Another thing: if you really want to inspect e.g. the bands from a given DataCube
without first executing anything on the back-end, you can use the metadata
attribute of a data cube. E.g.
>>> cube.metadata.band_dimension
BandDimension(type='bands', name='bands', bands=[Band(name='VH', common_name=None, wavelength_um=None, aliases=None, gsd=None), Band(name='VV', common_name=None, wavelength_um=None, aliases=None, gsd=None)])
Strictly speaking I don't need the band names client-side. I want to loop over all bands to apply a specific linear_scale_range depending on the band name, but earlier on in the script I already add and/or rename some bands depending on some other logic, so it takes some extra code to keep track of the bands available in the cube.
Using the metadata object indeed seems like a nice workaround, or even a good solution. I applied it already in the sample code below:
for band in [band.name for band in cube.metadata.band_dimension.bands]:
if band.startswith("B02") or band.startswith("B03") or band.startswith("B04"):
band_rescaled = cube.filter_bands(band).linear_scale_range(0, 2000, 0, 255)
elif band.startswith("B08"):
band_rescaled = cube.filter_bands(band).linear_scale_range(0, 5000, 0, 255)
else:
raise ValueError(f"rescale not implemented for band {band}")
Normally I think it would also be possible to keep everything server side by using DataCube.dimension_labels("bands")
, and then possibly use text_begins
instead of .startswith
to do the band checks because this would return a Processbuilder (or something similar) rather than a real string array... but I don't think this is strictly better than your suggestion using metadata for my specific case?
Possibly there is a cleaner way of doing this, without using an explicit loop... but I don't know how.
That snippet looks fine at first sight. However, it's important to know what you do with the produced band_rescaled
values . I guess you left them out of the snippet to keep it compact.
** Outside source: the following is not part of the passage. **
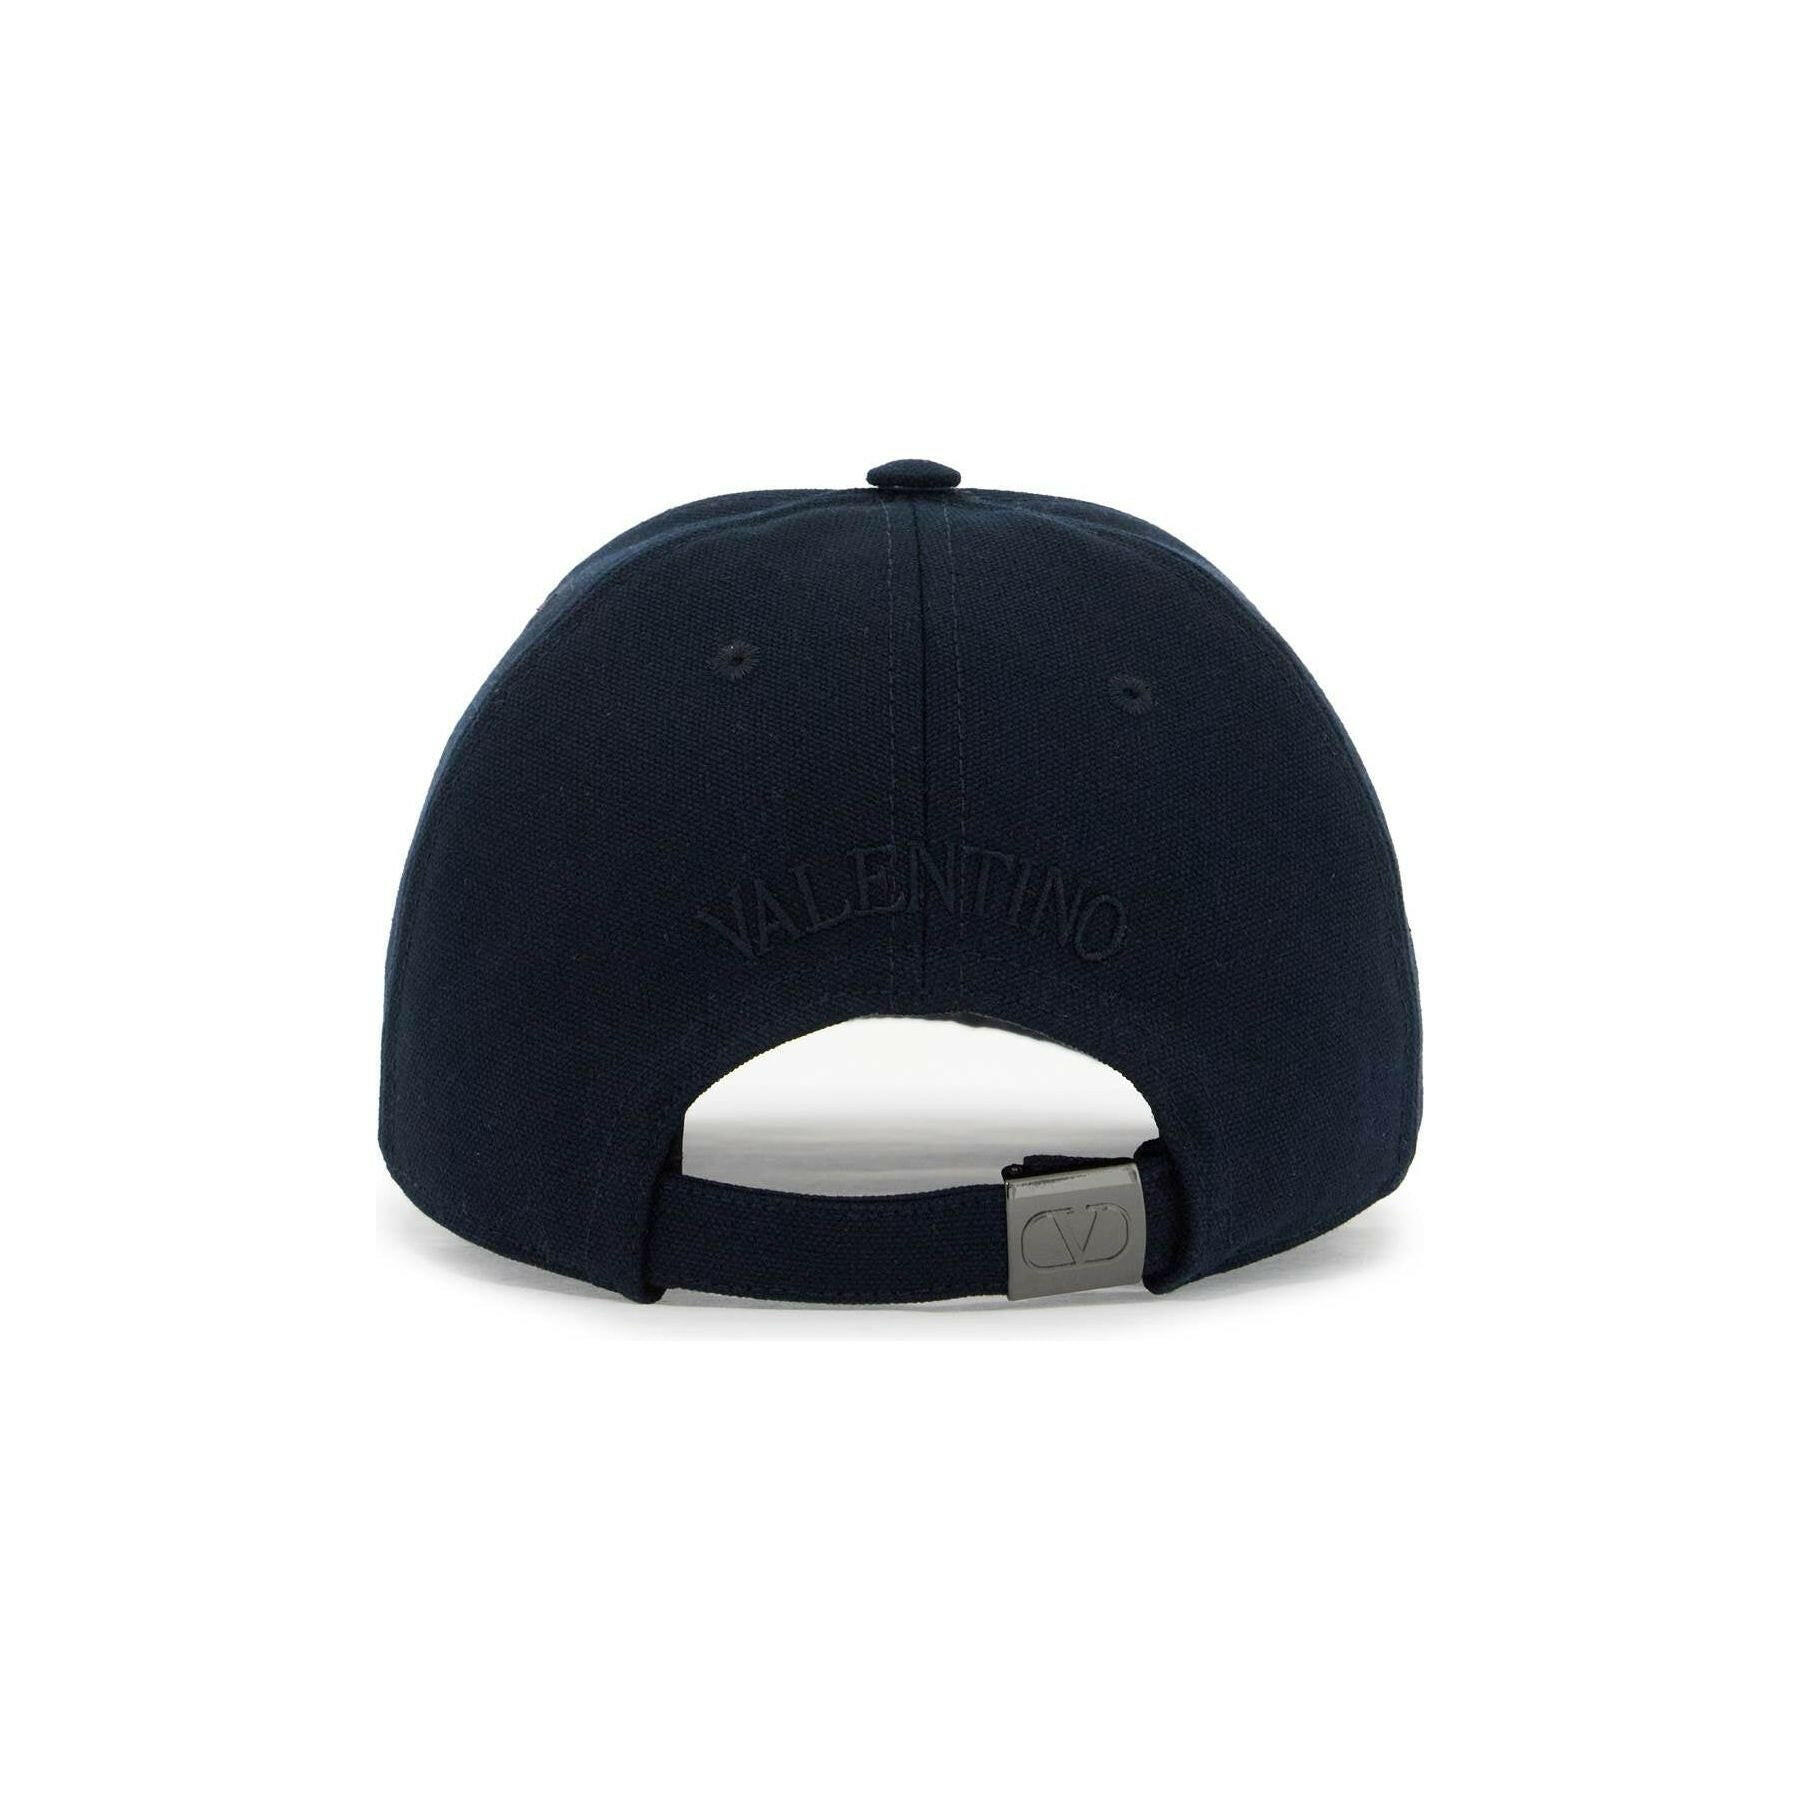 Toile Iconographe Baseball Cap.

If you do something like merge_cubes
after this, that should be fine.
Normally I think it would also be possible to keep everything server side by using DataCube.dimension_labels("bands"), and then possibly use text_begins instead
Again it depends on what you want to do in detail, but I'm afraid this will be a dead end as openEO process graphs can not express everything we're used from languages like Python (there are no for-loops for example).
Possibly there is a cleaner way of doing this, without using an explicit loop... but I don't know how.
If it's just about applying a different scaling per group of bands as your snippet suggests, it can be done a bit more efficient as follows:
bands = [band.name for band in cube.metadata.band_dimension.bands]
bands2000 = [b for b in bands if any(b.startswith(p) for p in ["B02", "B03", "B04"])]
cube2000 = cube.filter_bands(bands2000).linear_scale_range(0, 2000, 0, 255)
bands5000 = [b for b in bands if any(b.startswith(p) for p in ["B08"])]
cube5000 = cube.filter_bands(bands5000).linear_scale_range(0, 5000, 0, 255)
scaled_cube = cube2000.merge_cubes(cube5000)
I would avoid an extra merge cubes, and go for an apply_dimension over bands. In apply_dimension, you will need indices, so you'll want to convert list of bands to list of indices and then perform scaling accordingly.
I indeed merge the rescaled bands back together with merge_cubes().
Thanks for the advice!!!
I wonder... I don't seem to find any documentation pointing to cube.metadata
. Is this work in progress, is it not really adviced to use it or didn't I search well enough?
I wonder... I don't seem to find any documentation pointing to cube.metadata. Is this work in progress, is it not really adviced to use it or didn't I search well enough?
it's a public attribute, and we won't remove/change it overnight, so you're free to use it.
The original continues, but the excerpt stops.